Task details: Print the data that follows word for word, leaving out any picture.

Supplied material:
────
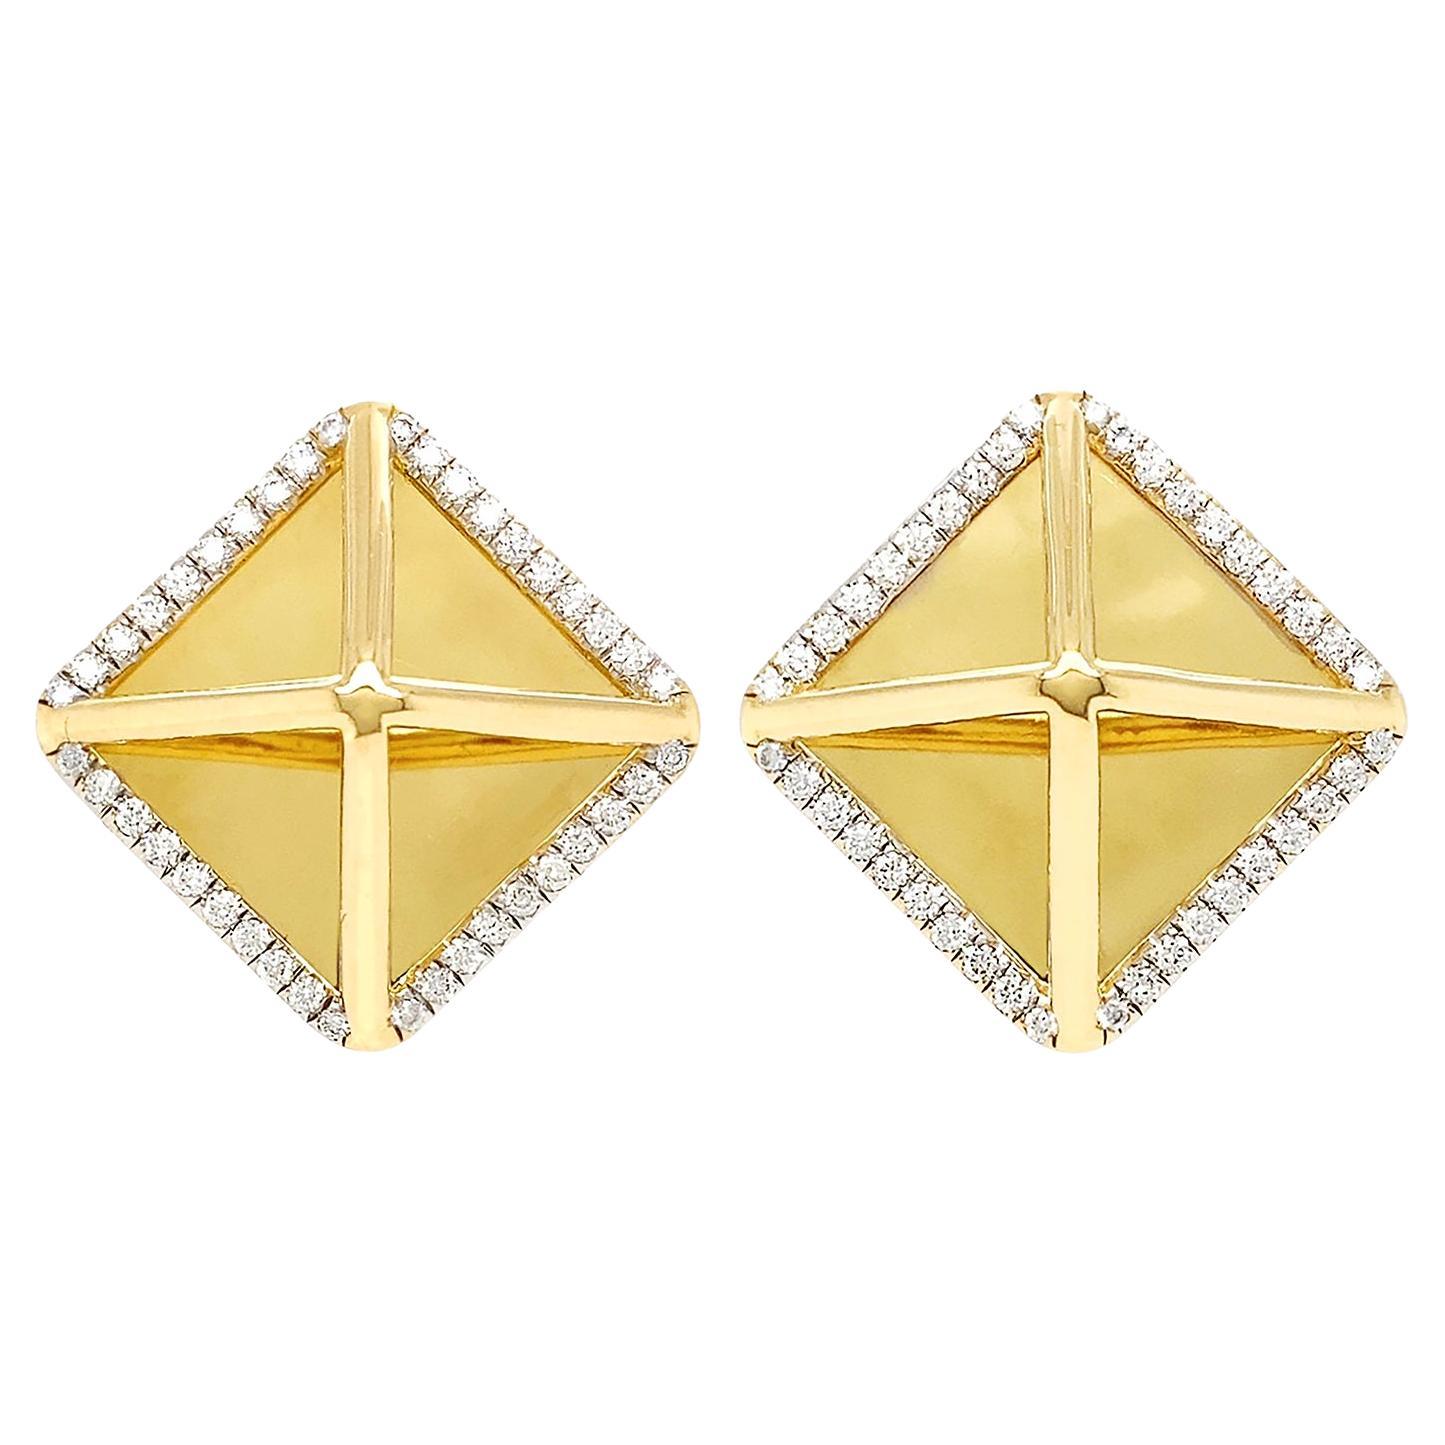 Große Pyramiden-Diamant-Ohrringe aus 18 Karat Gelbgold
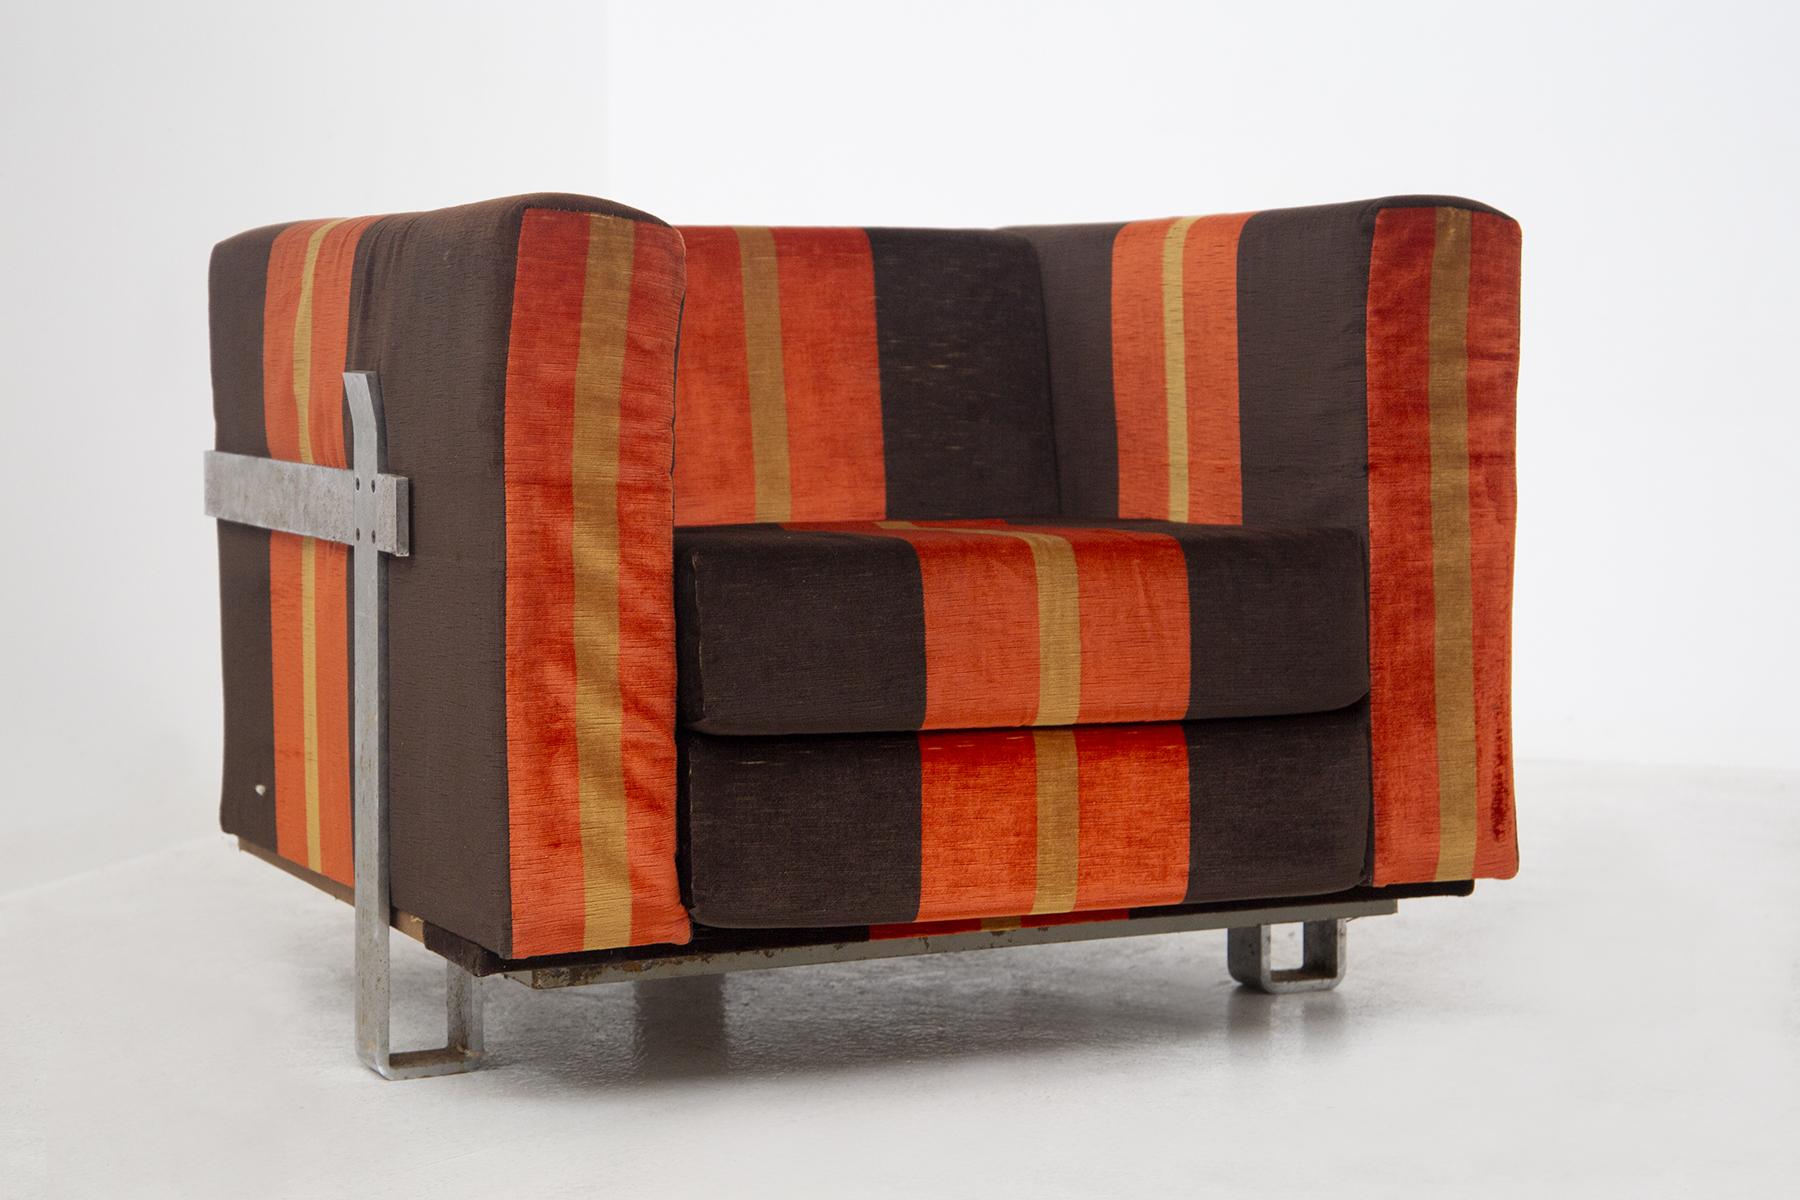 Prächtiges Set aus 2 Stoffsesseln, entworfen von Luigi Caccia Dominioni für die renommierte Manufaktur Azucena Italia.
Die Vintage-Sessel sind aus braunem, orangefarbenem und gelb gestreiftem Stoff gefertigt, der einen sehr farbenfrohen
────
Exercise result:
 Große Pyramiden-Diamant-Ohrringe aus 18 Karat Gelbgold
 Prächtiges Set aus 2 Stoffsesseln, entworfen von Luigi Caccia Dominioni für die renommierte Manufaktur Azucena Italia.
Die Vintage-Sessel sind aus braunem, orangefarbenem und gelb gestreiftem Stoff gefertigt, der einen sehr farbenfrohen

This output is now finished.